The Bayesian framework gives a unified probabilistic description for data modeling and learning. Examples are hidden markov models for time-series analysis,  Bayesian networks for datamining and learning using prior information. Computation within the Bayesian framework tends to be intractable: the algorithms require cpu time that scales exponentially with the problem size. Therefore, approximate methods are needed to make these methods useful for practical situations. We discuss two classes of methods: Monte Carlo sampling, which denotes a family of methods that approximate the desired quantities by smart sampling, and variational methods, which are analytical approximation techniques.
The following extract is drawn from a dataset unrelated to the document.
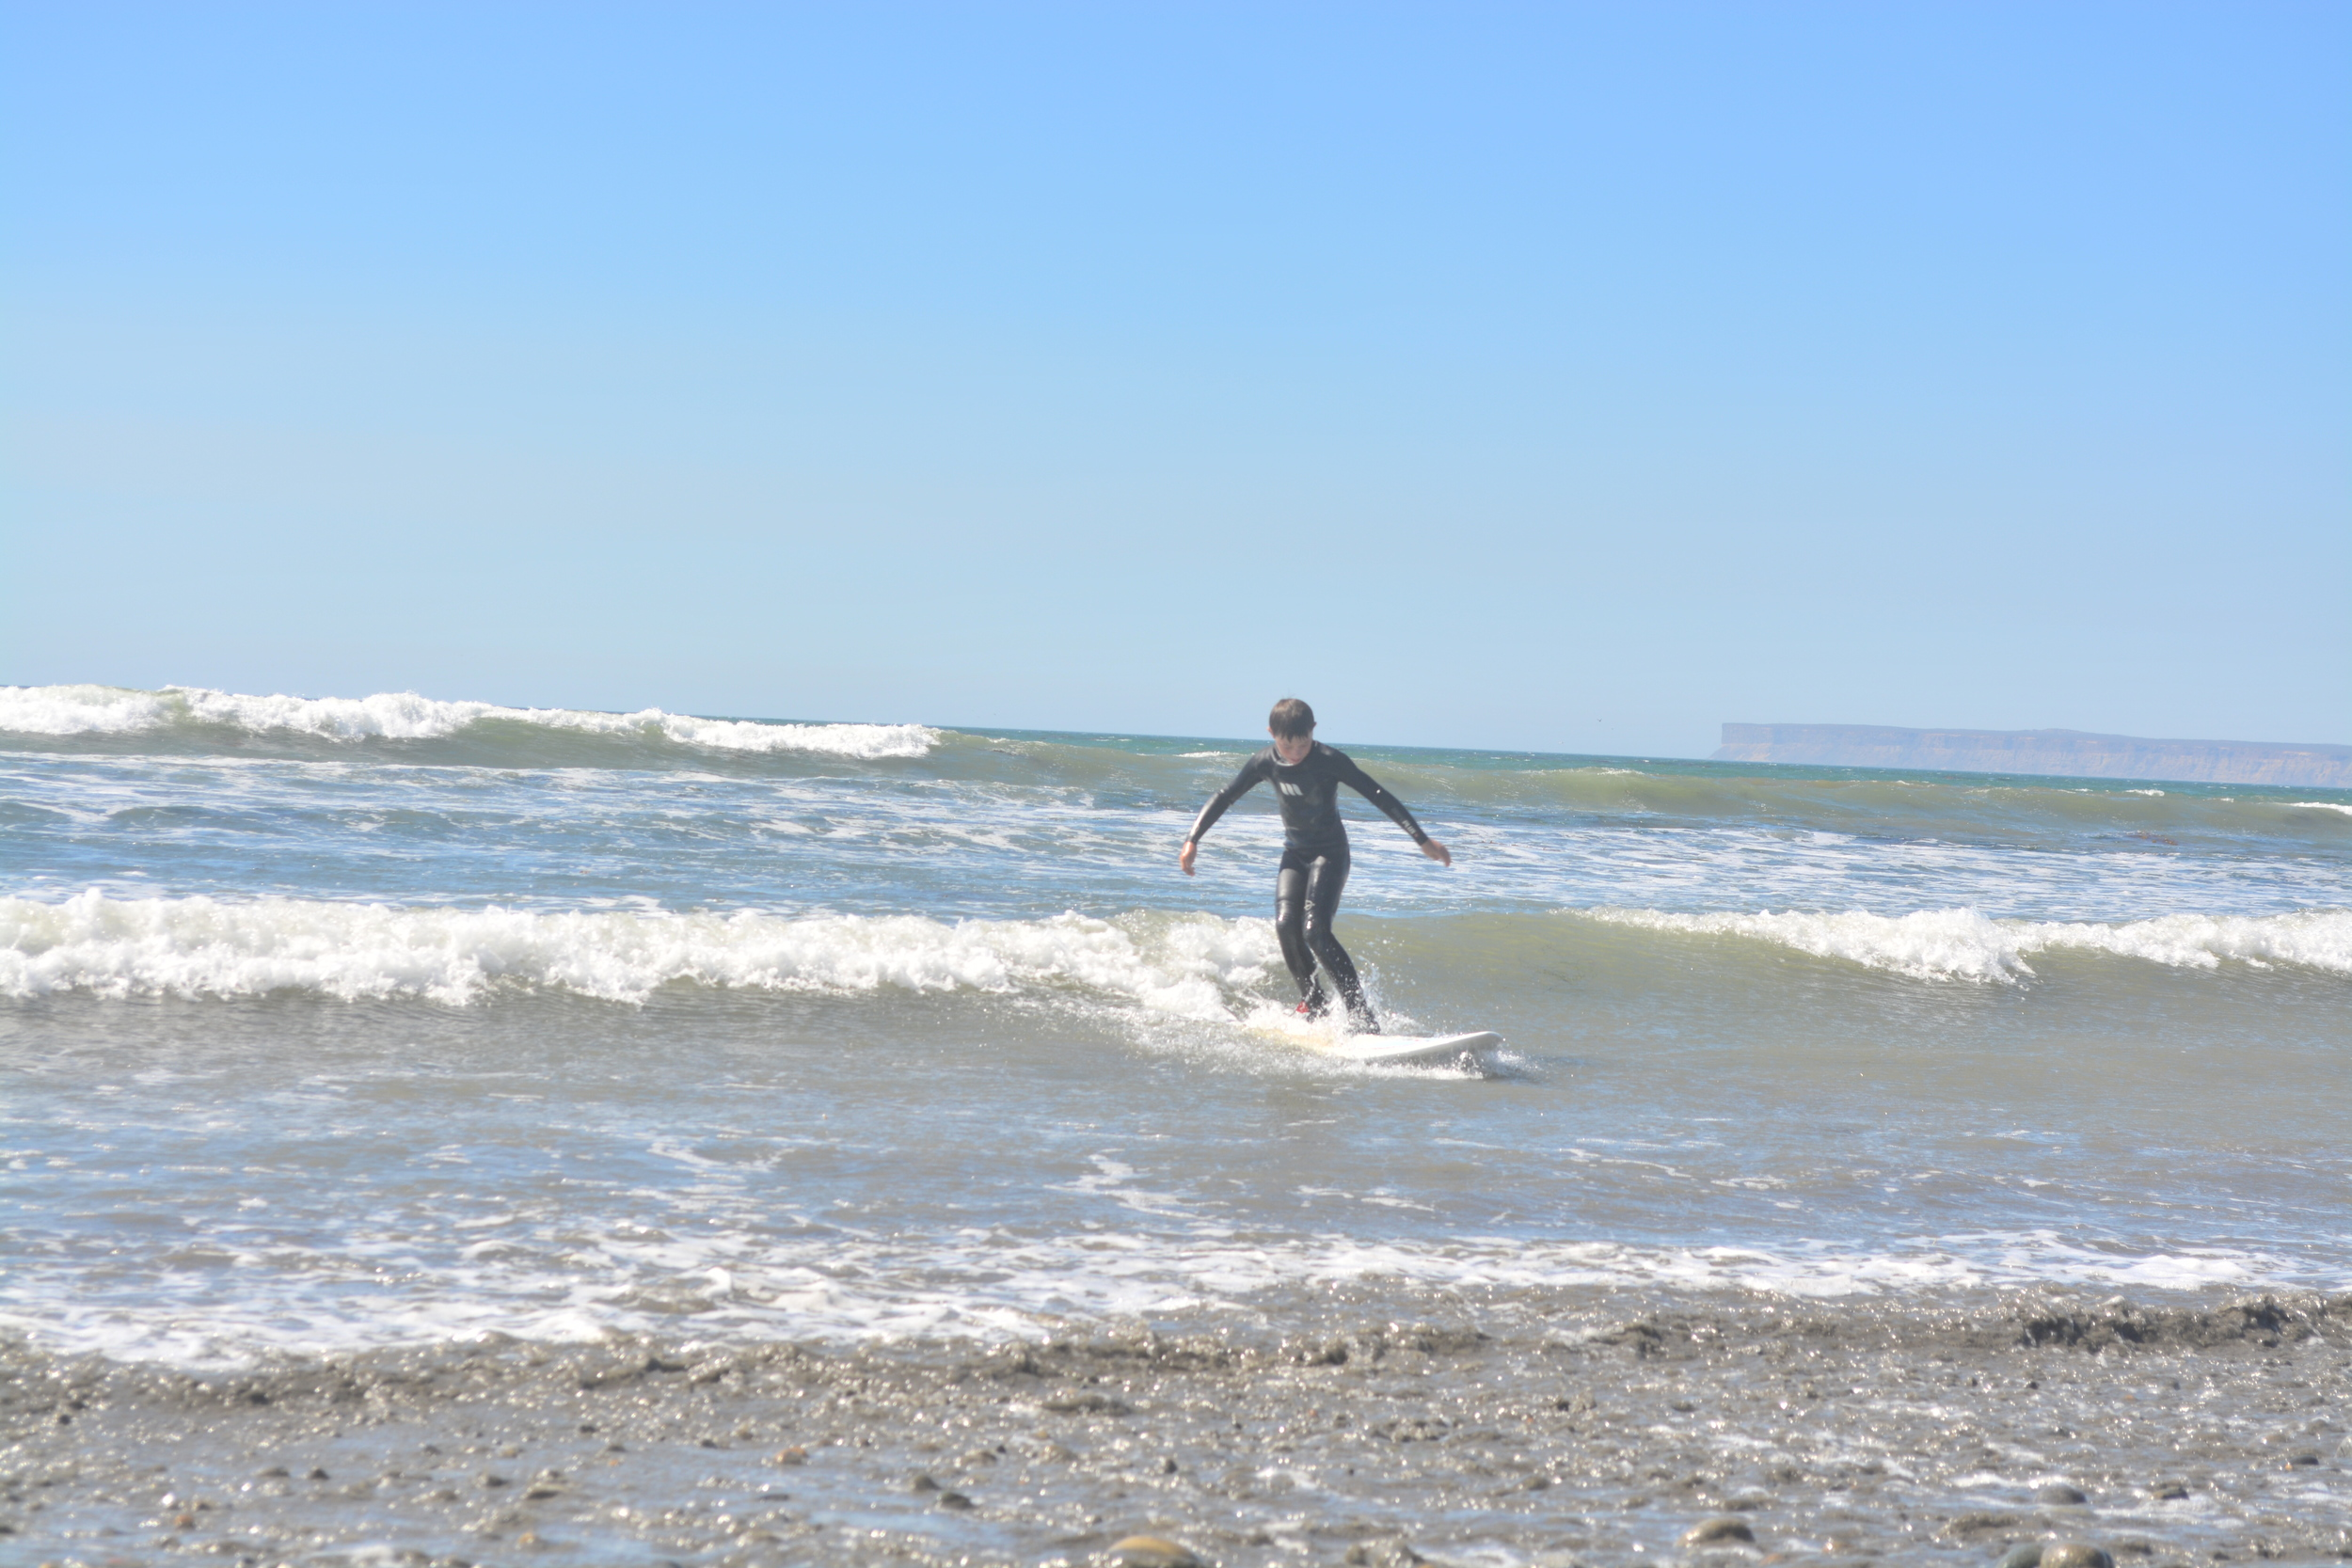 Baja California 10-5-13 Shipwrecks Surfing Adventure Ocean Experience Surf School San Diego (19).JPG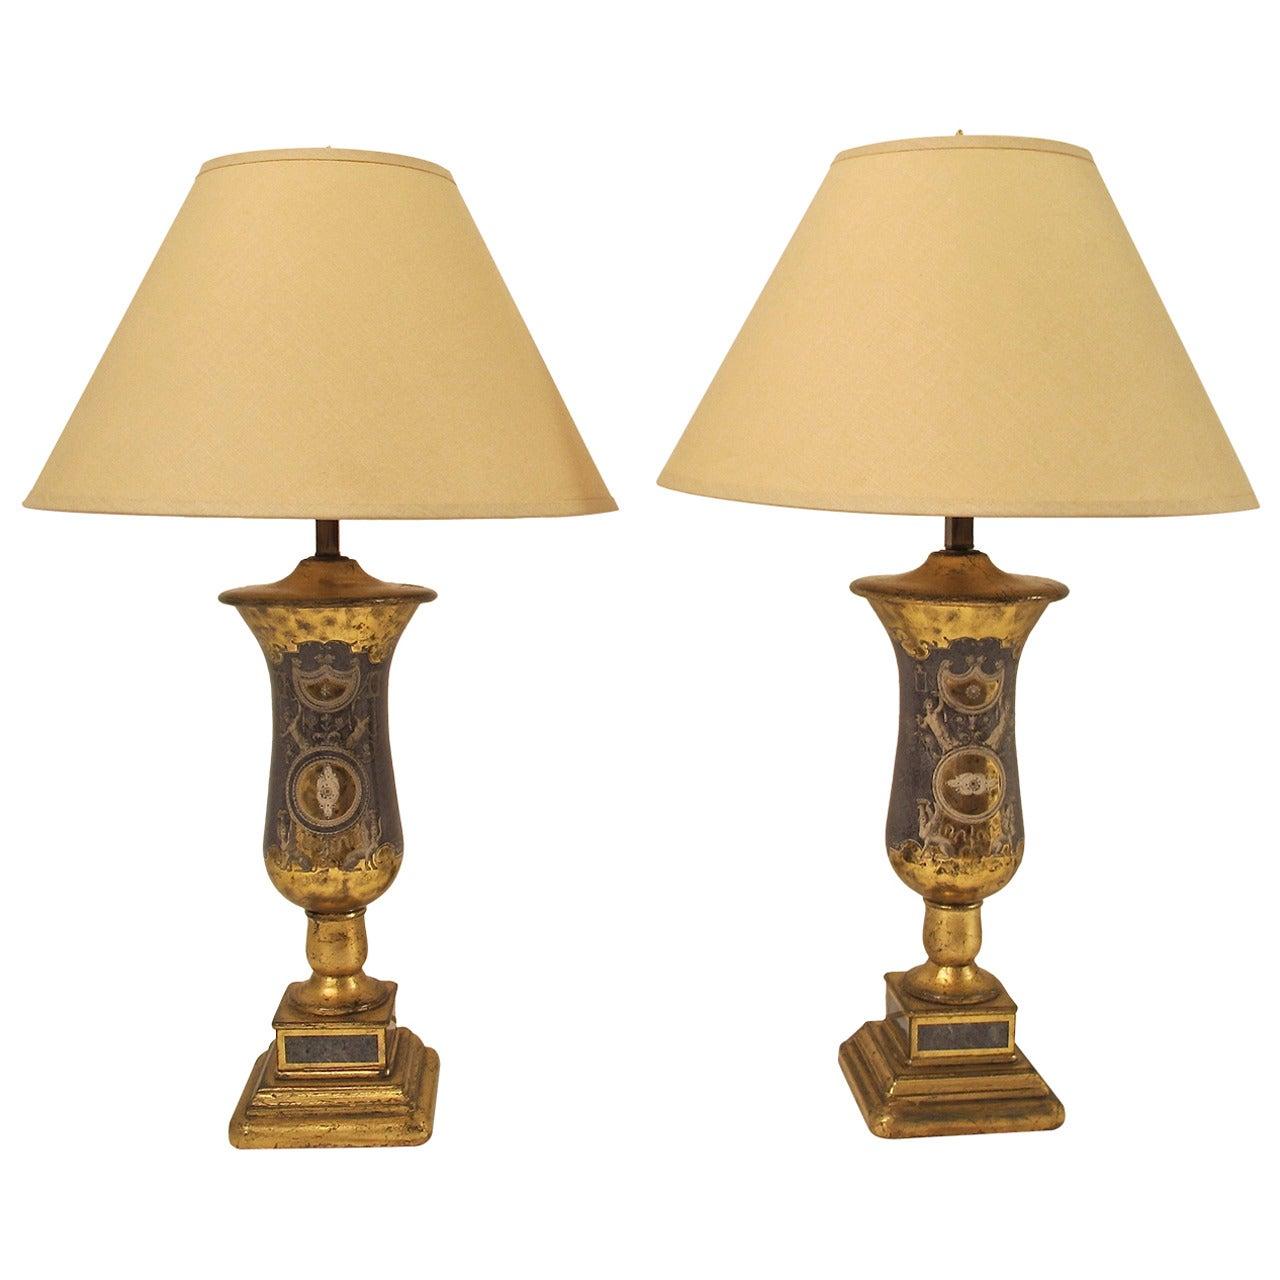 Pair of Italian Églomisé Lamps

Mixture models provide a mathematically tractable way for modeling multidimensional joint probability density functions as finite sums of multivariate normal distributions. In principle, every model than can be expressed in terms of a probability density function can be generalized to a mixture, and a convenient algorithm exists  (expectation-maximization, EM) for fitting such mixtures models from a sample. In the special case of mixture density estimation the EM solutions can be regarded as the `weighted' analogues of the classical sample averages. We will present mixture models for supervised data applications like pattern classification and for unsupervised data such as clustering of (non-linear) data projection.

Prerequisites:
Students should have basic knowledge of neural networks or statistical pattern recognition.

Literature:
A reader from relevant material will be prepared.

Examination (for ASCI AIO's taking this for credit):
A paper.The paper has to be submitted within 2 weeks after the course. Evaluation will take place within 4 weeks after the course.